#### [Stored data]
* * *

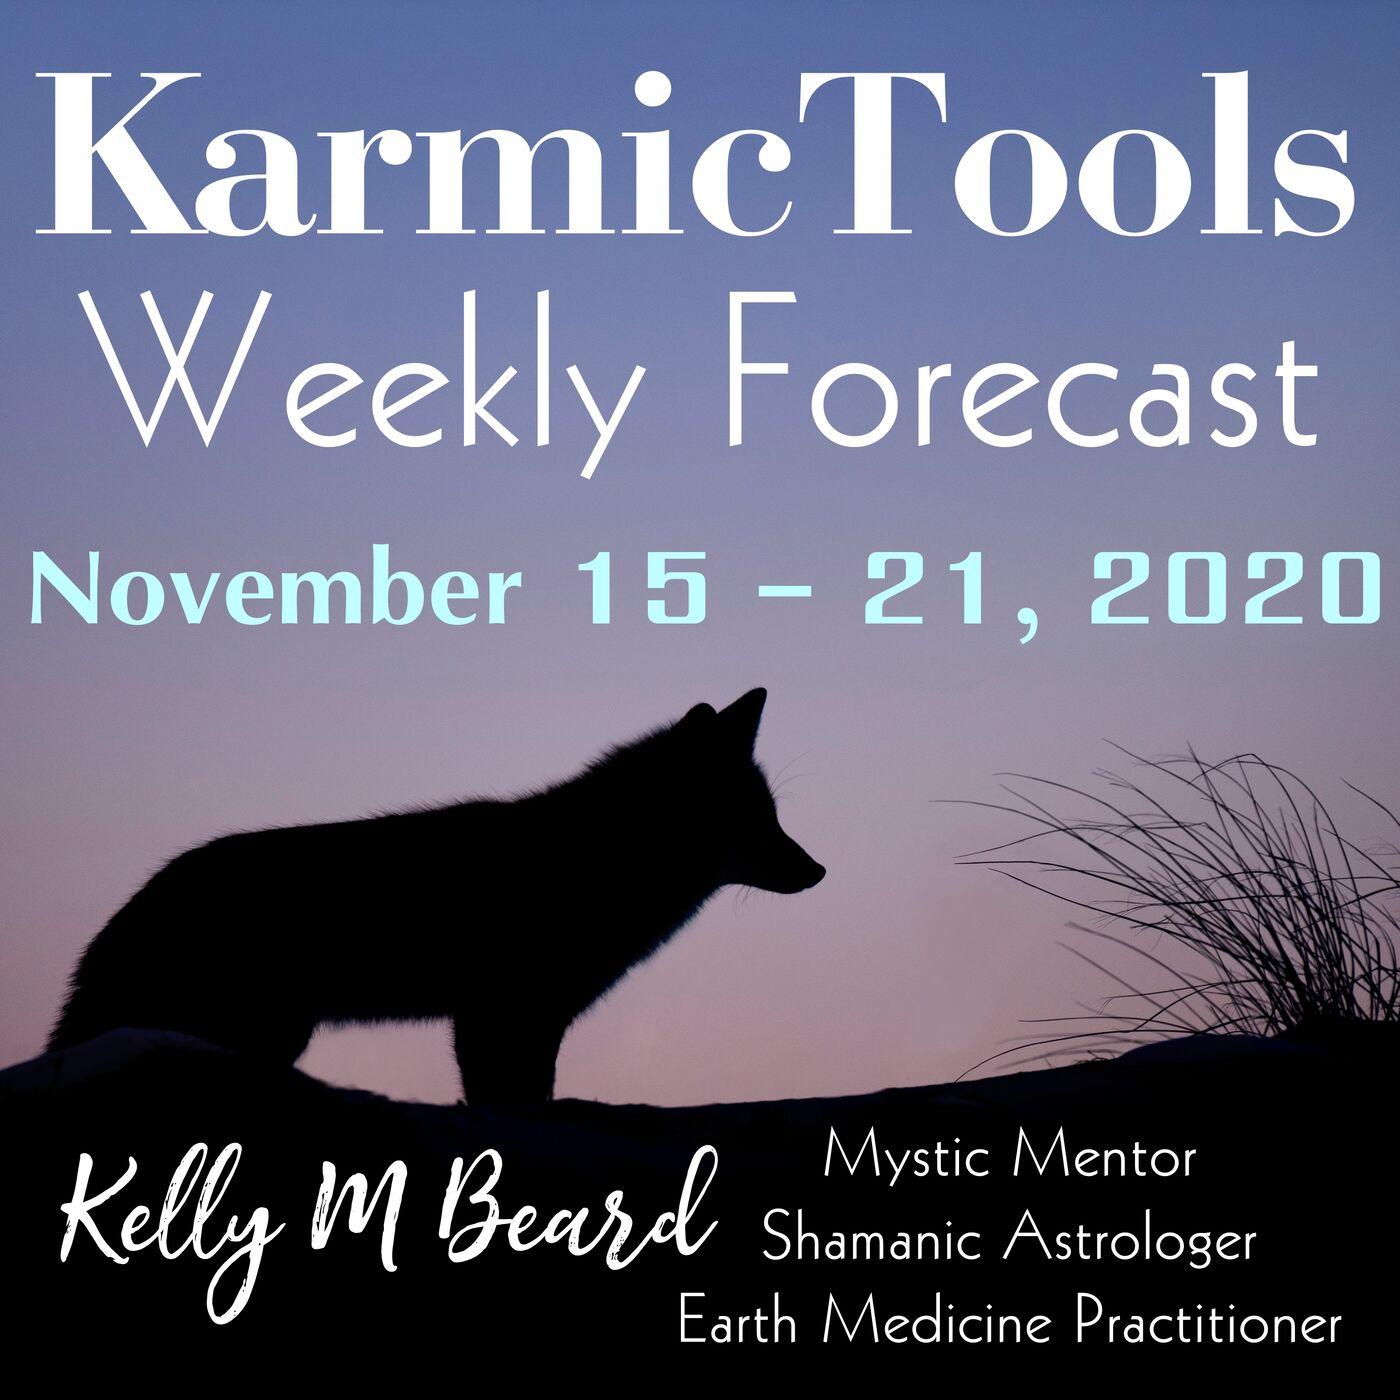 Nov 15 - 21, 2020 KarmicTools Weekly Forecast
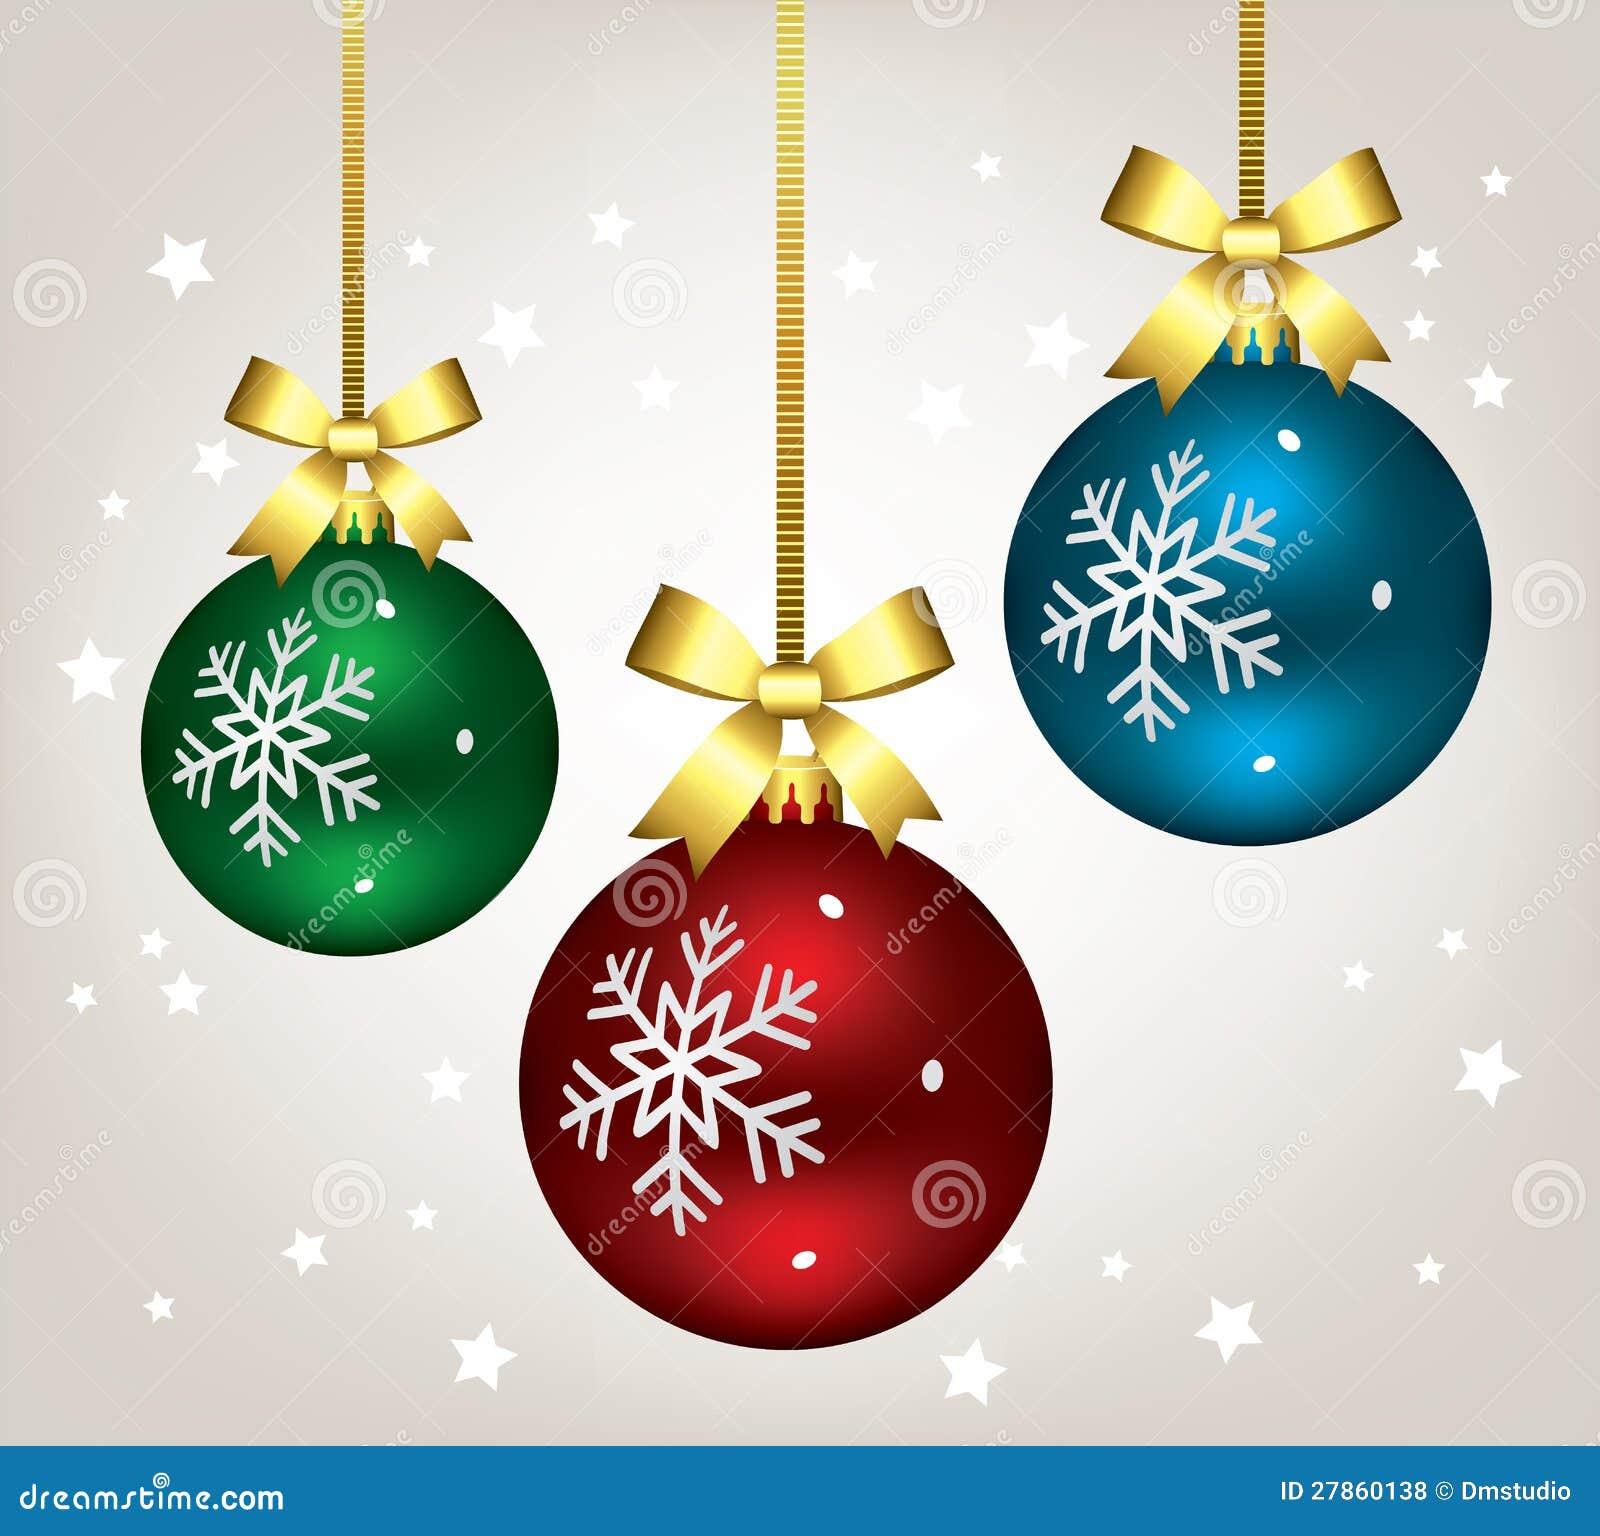 christmas images - photo #36
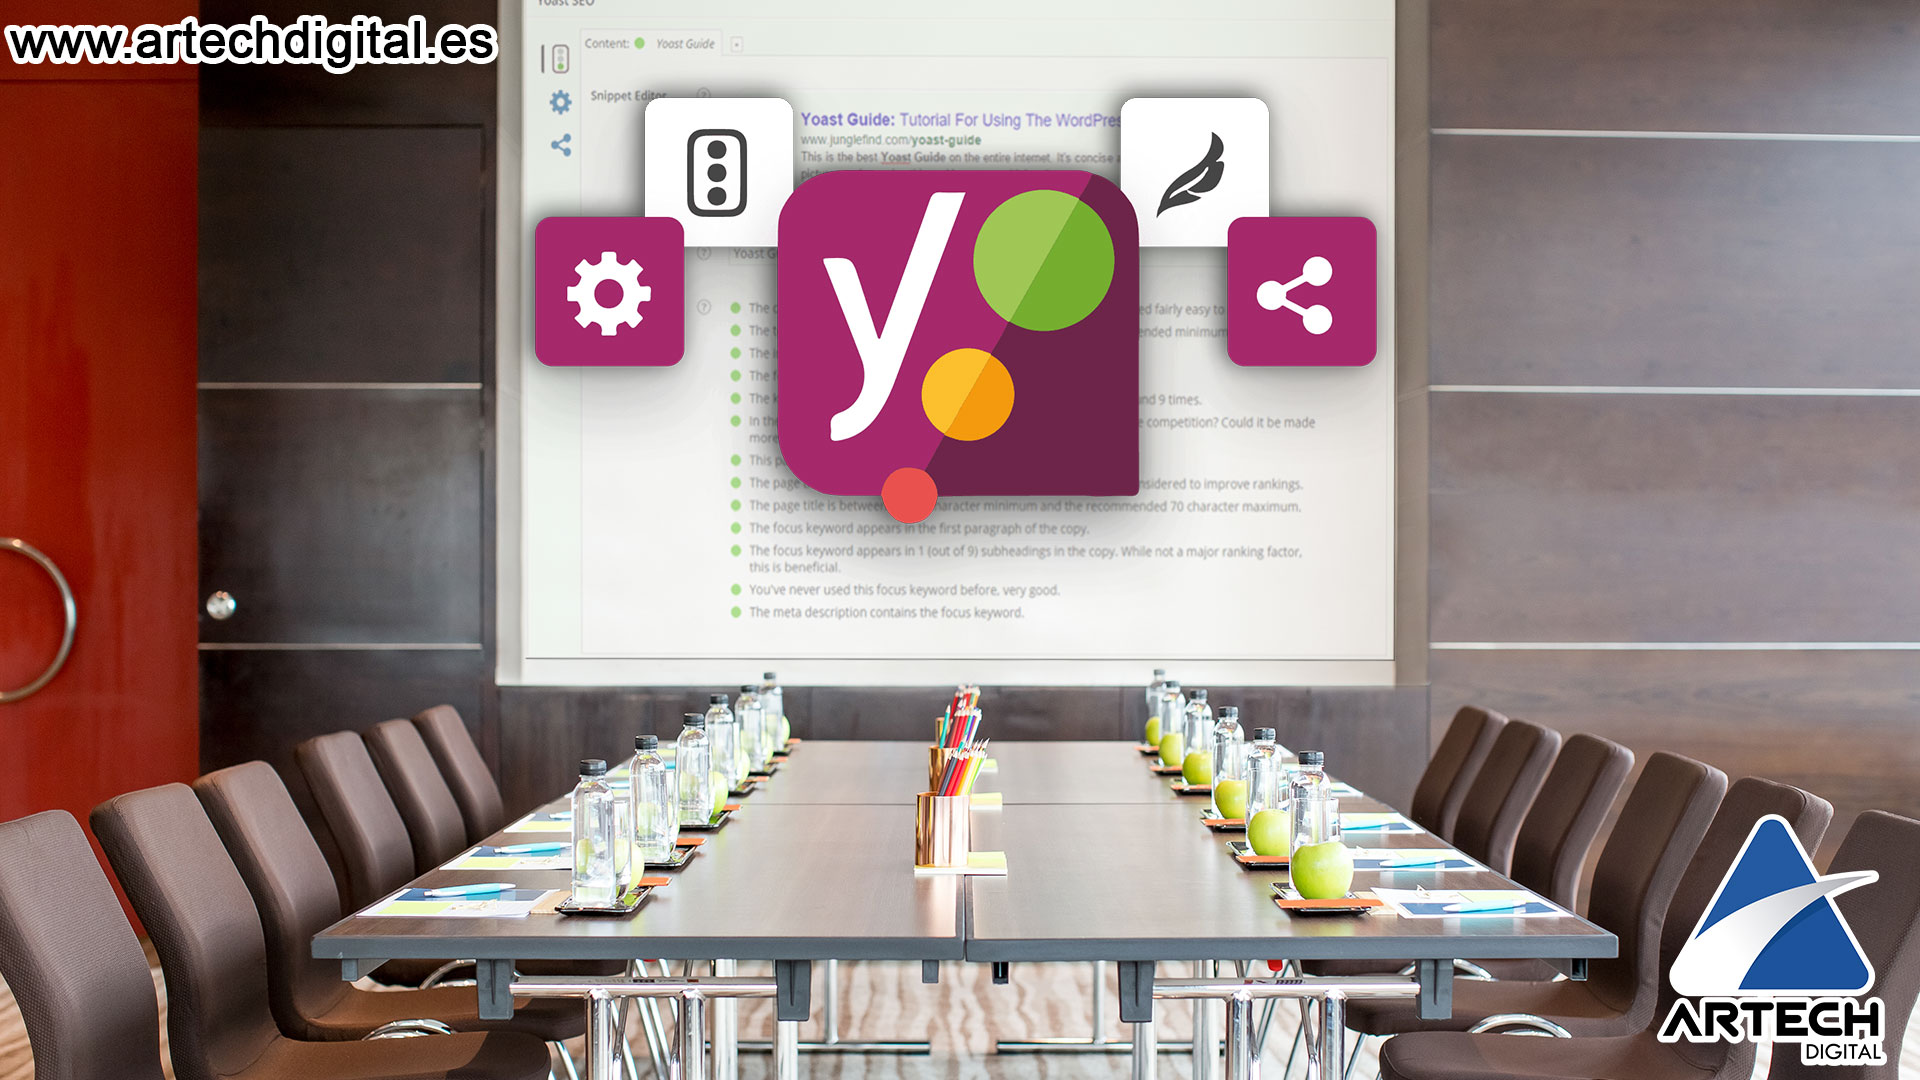 Aprende-utilizar-análisis-legibilidad-Yoast-SEO-Plugin - Artech Digital
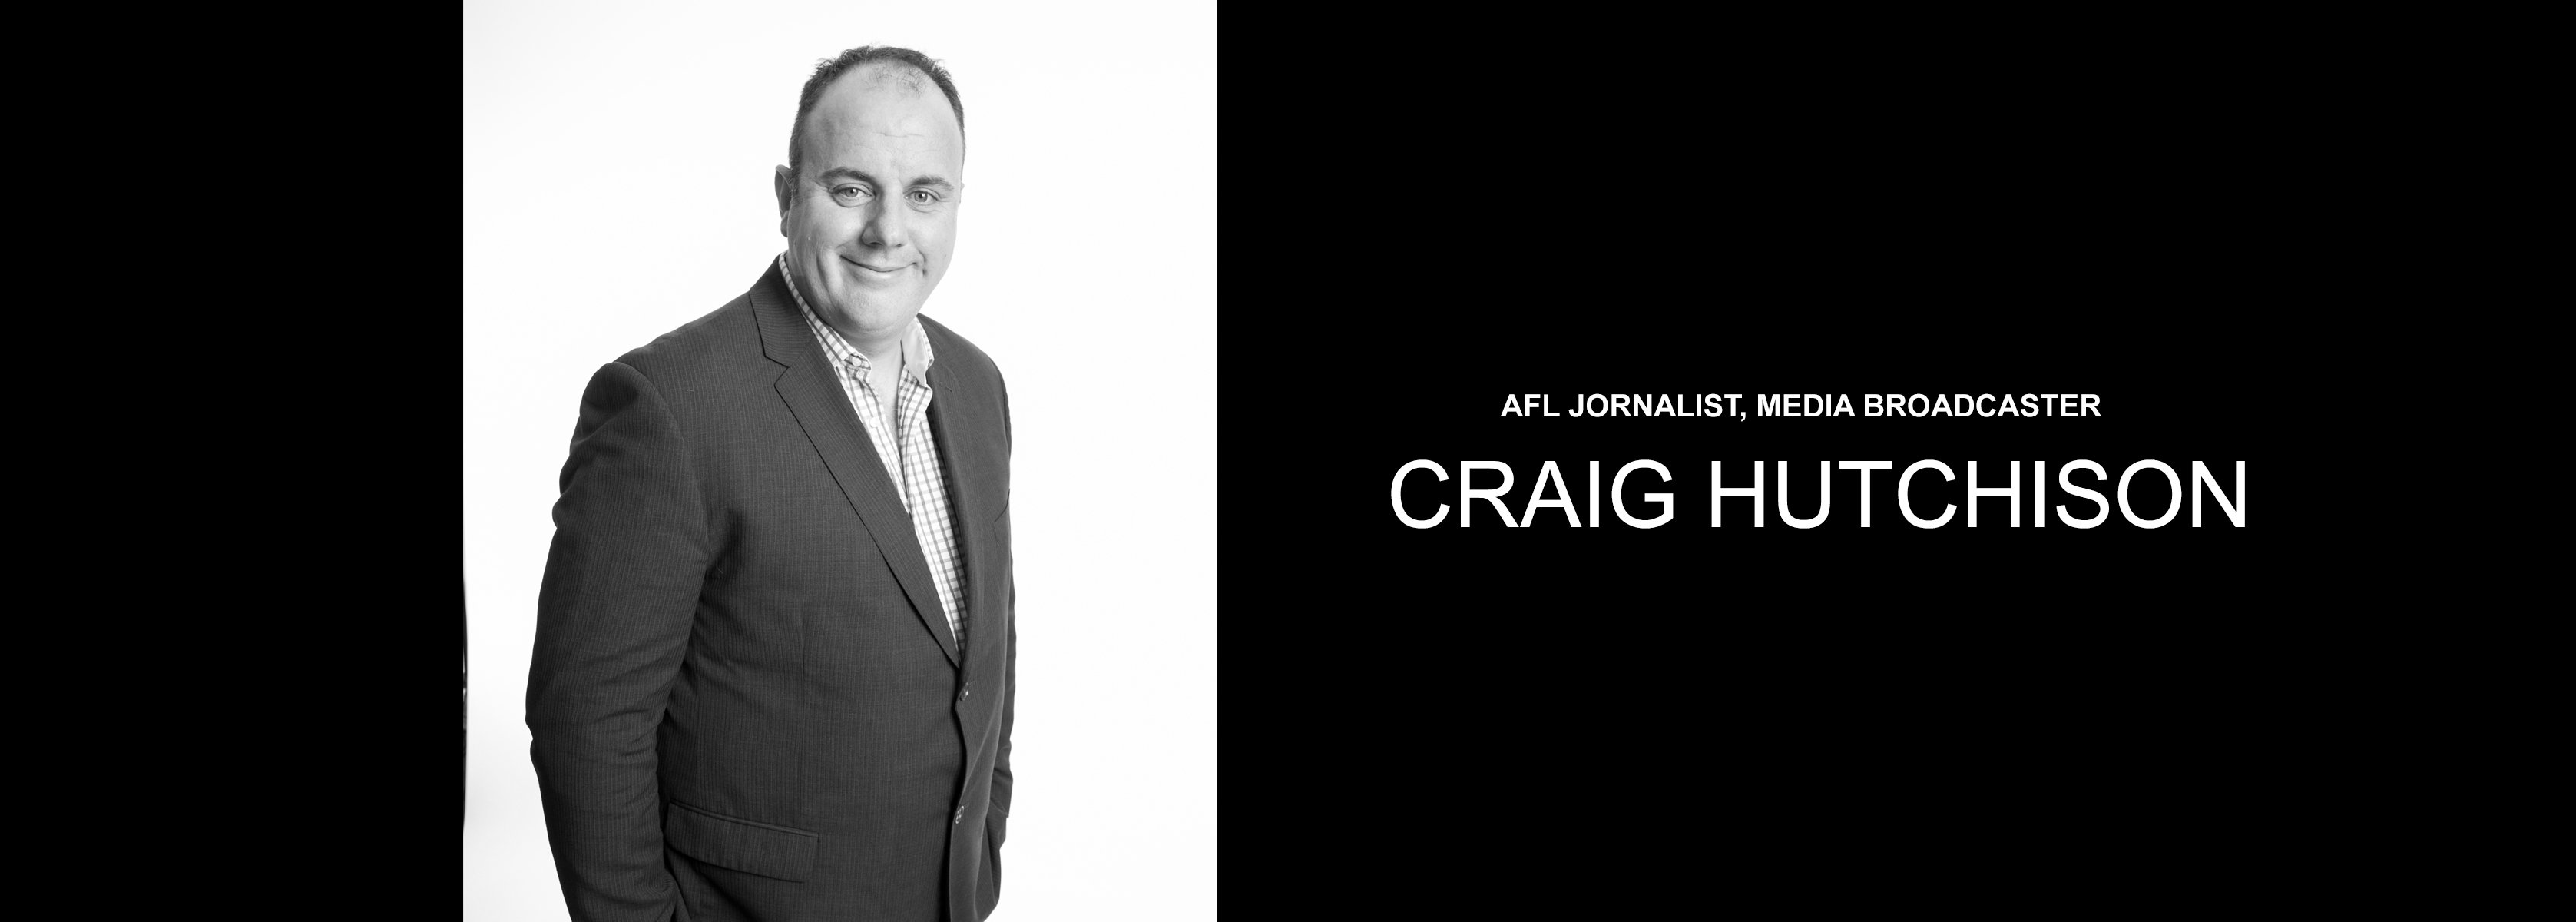 Craig Hutchison - AFL Journalist, Media Broadcaster - Bravo Talent Management

* * *

#### [What is required]
Exact copy required, pictures excluded: the lines from the one holding "Aprende-utilizar-análisis-legibilidad-Yoast-SEO-Plugin - Artech" through the last line of the data, both ends included.

#### [Result of this task]
 Aprende-utilizar-análisis-legibilidad-Yoast-SEO-Plugin - Artech Digital
 Craig Hutchison - AFL Journalist, Media Broadcaster - Bravo Talent Management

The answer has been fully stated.